> Supplied information:
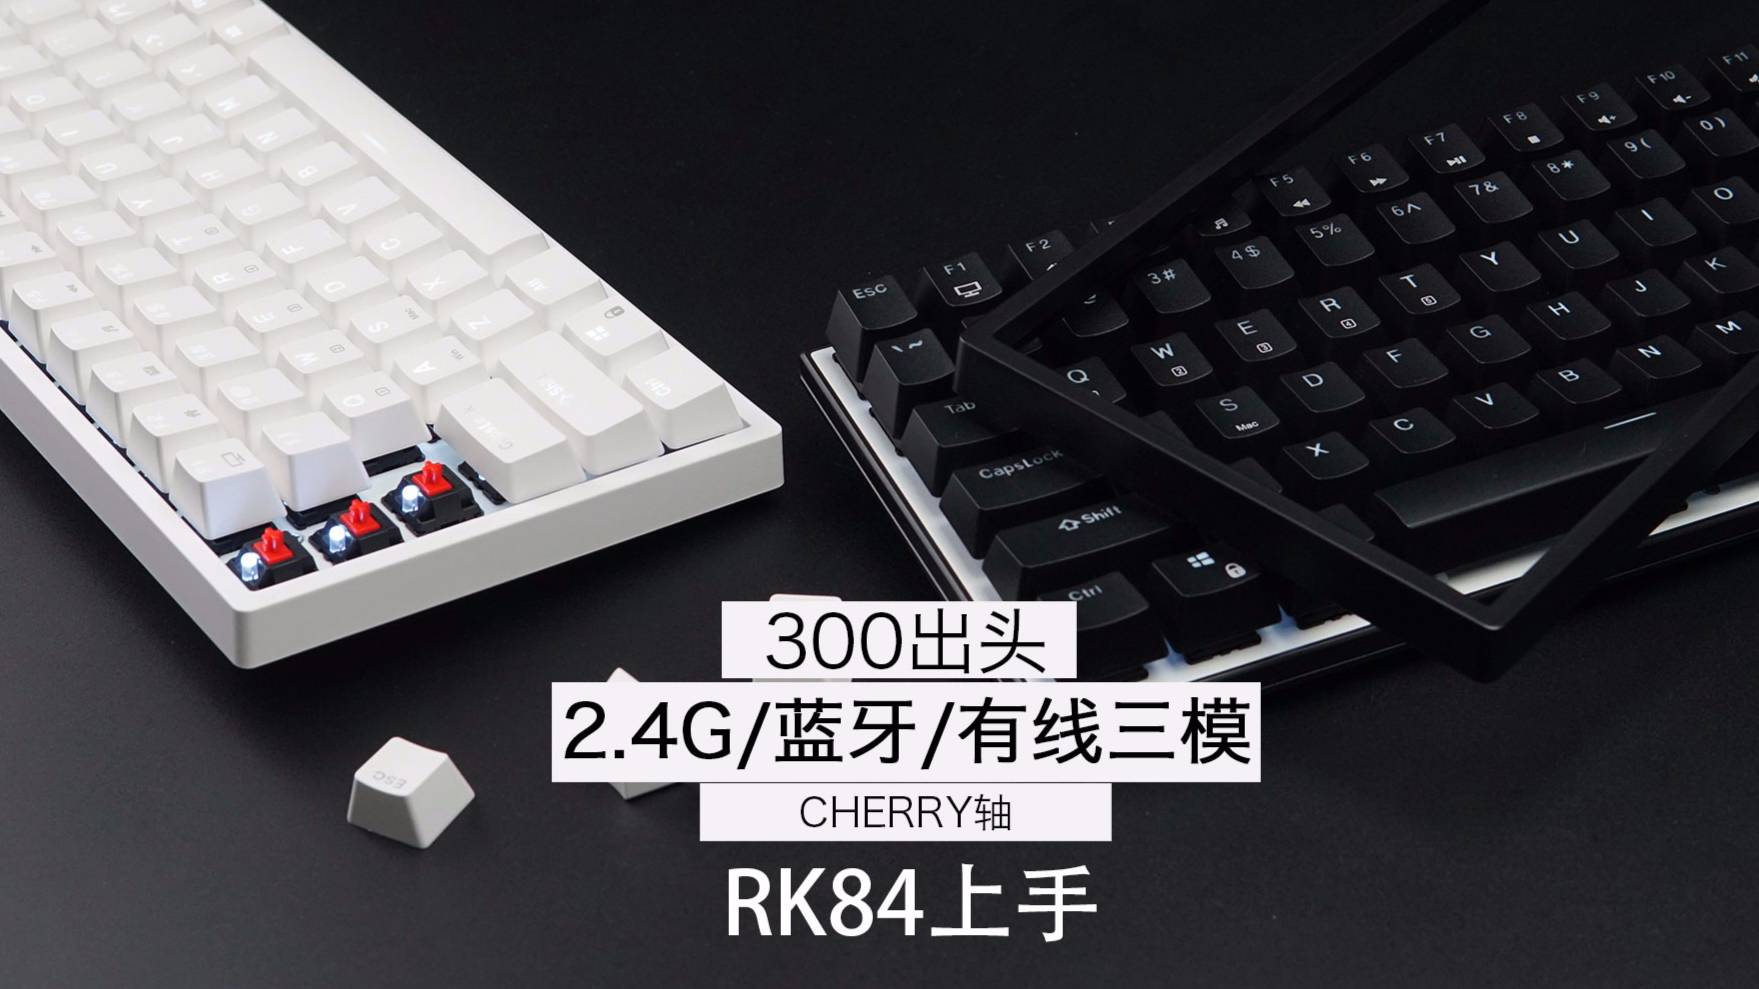 家境贫寒,真香之选:RK84三模无线机械键盘上手
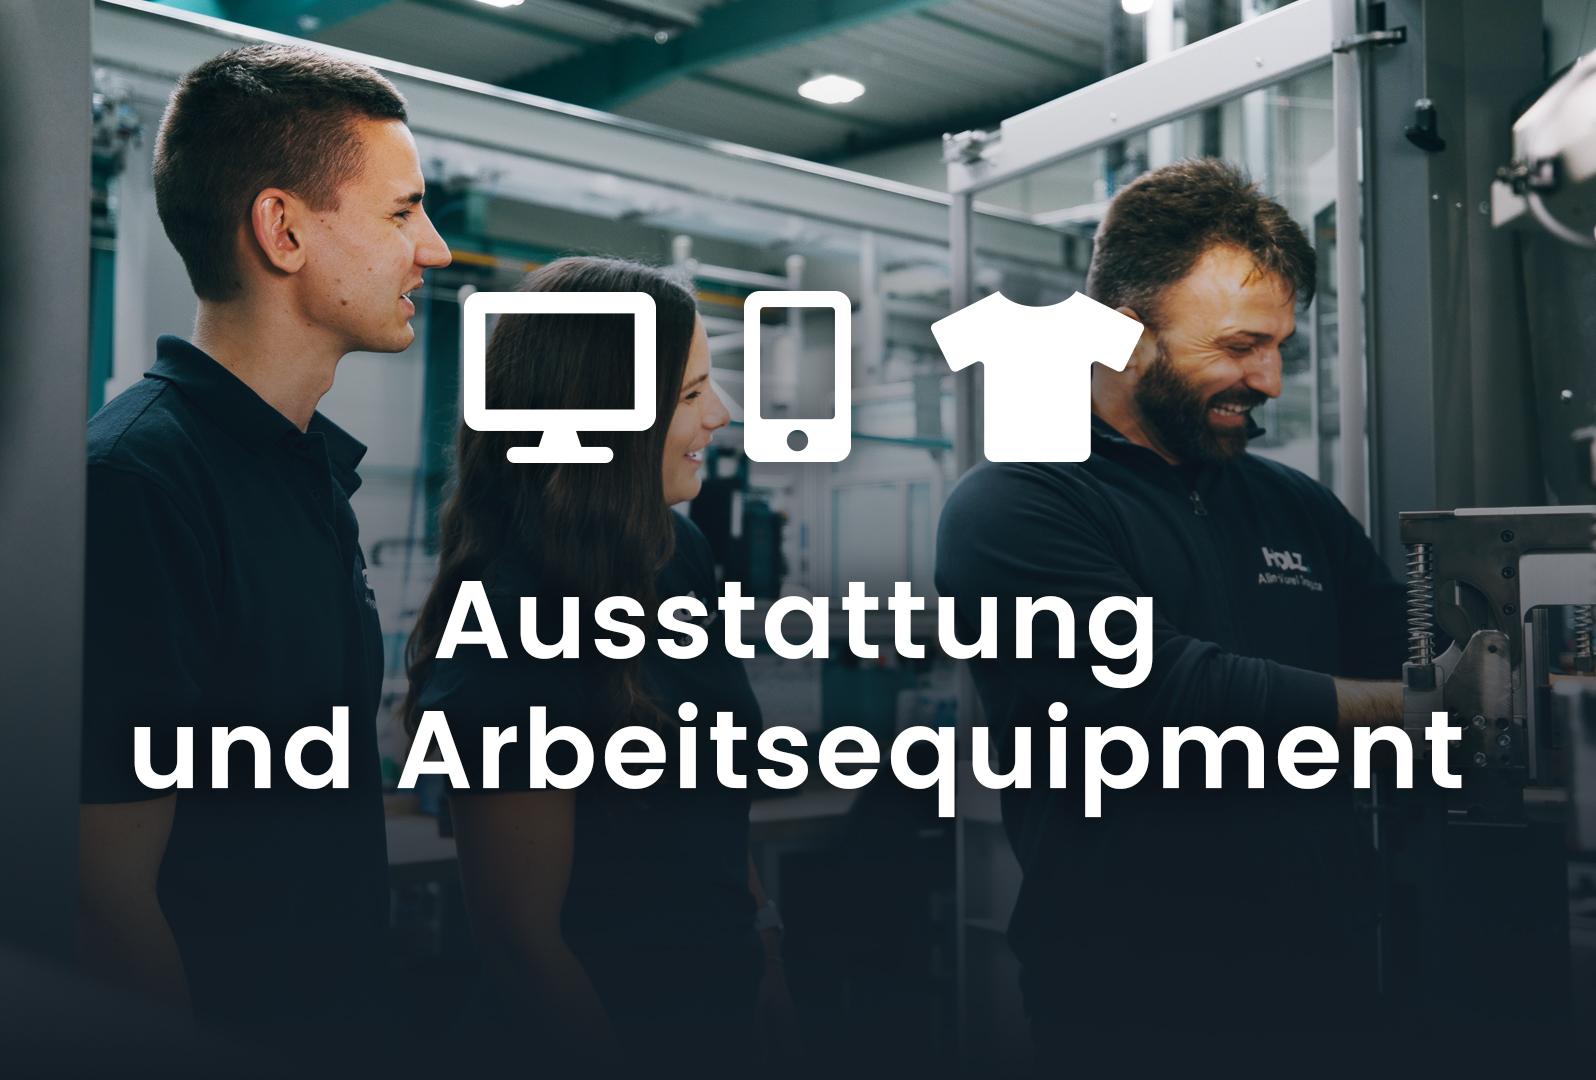 Ausstattung und Arbeitsequipment
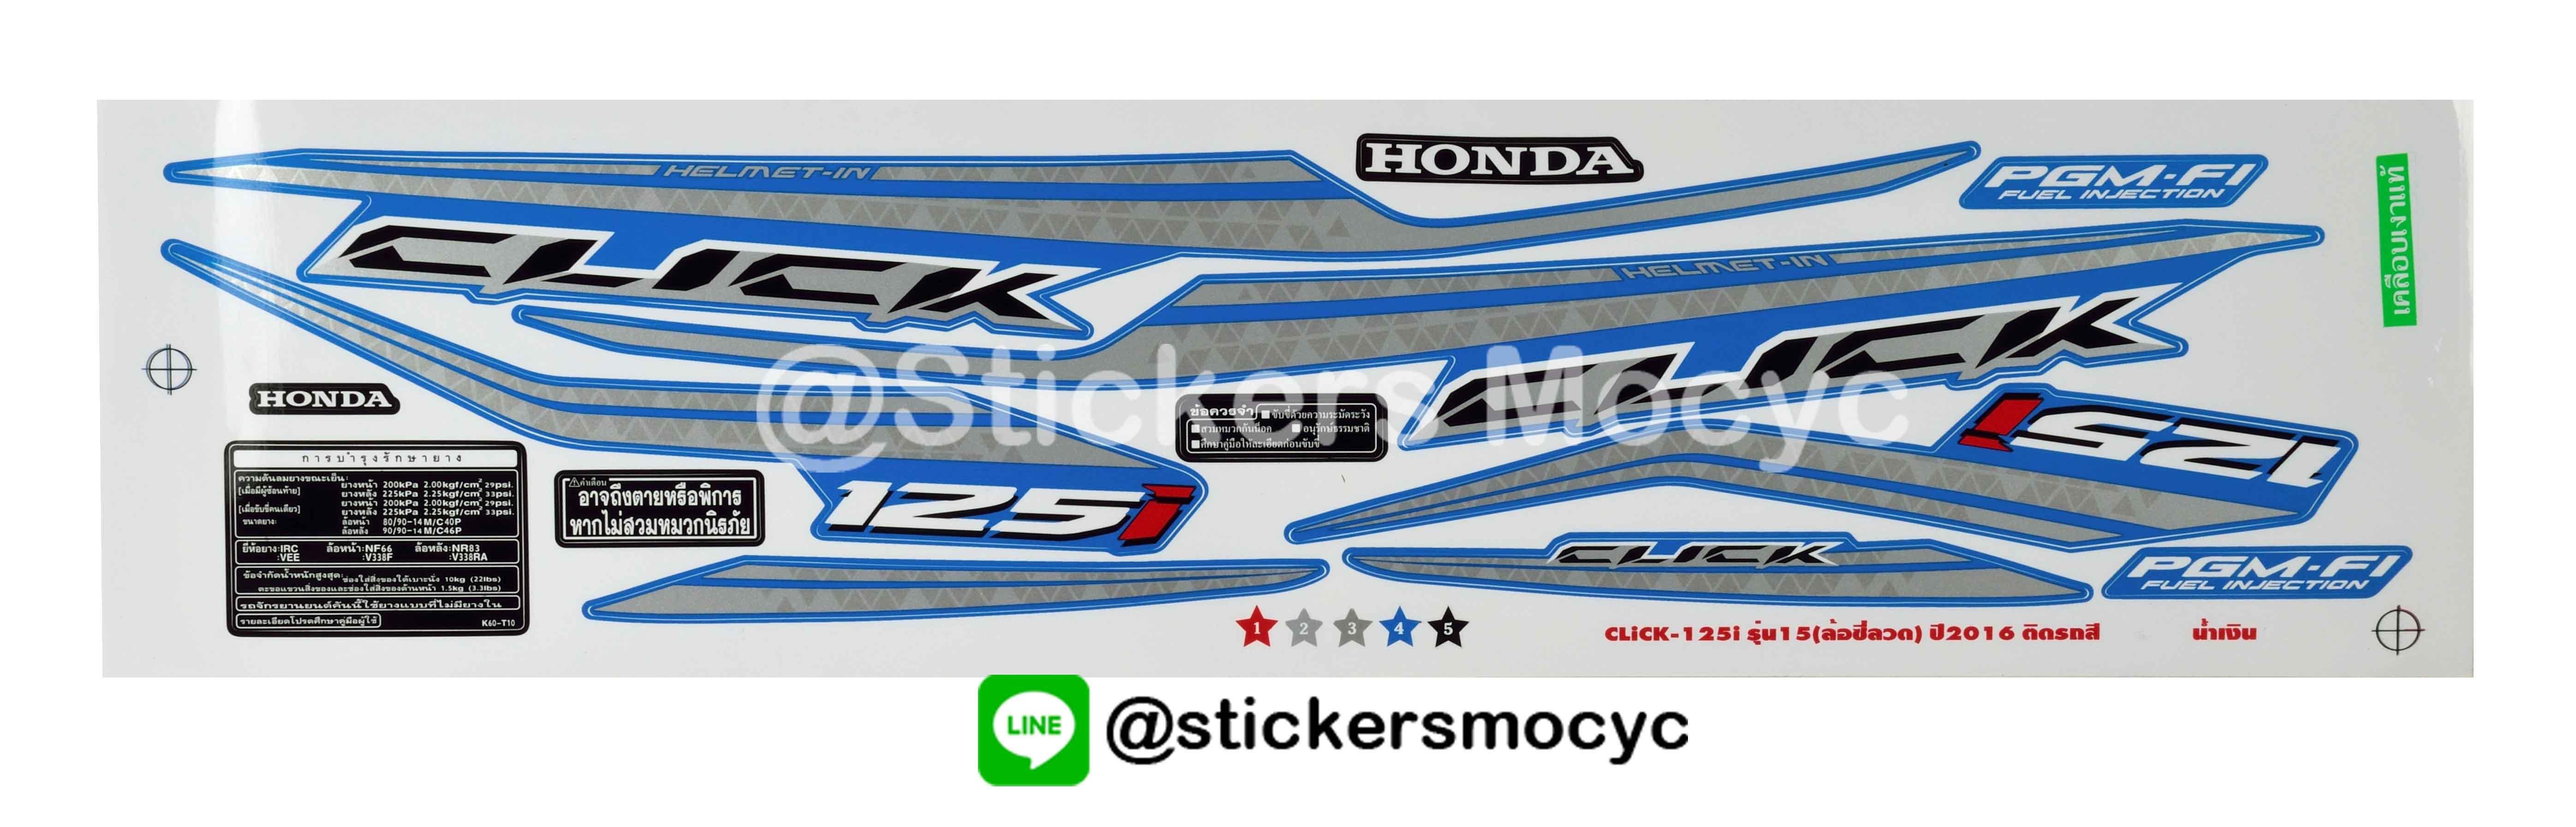 สติ๊กเกอร์ click 125i sticker click 125i แต่ง ปี 2016 รุ่น 15 (ล้อซี่ลวด) ติดรถ สีน้ำเงิน (เคลือบเงาแท้)

> Problem requirements: The complete material, set down exactly and stripped of pictures, is the expected response.

> Task response:
 家境贫寒,真香之选:RK84三模无线机械键盘上手
 Ausstattung und Arbeitsequipment
 สติ๊กเกอร์ click 125i sticker click 125i แต่ง ปี 2016 รุ่น 15 (ล้อซี่ลวด) ติดรถ สีน้ำเงิน (เคลือบเงาแท้)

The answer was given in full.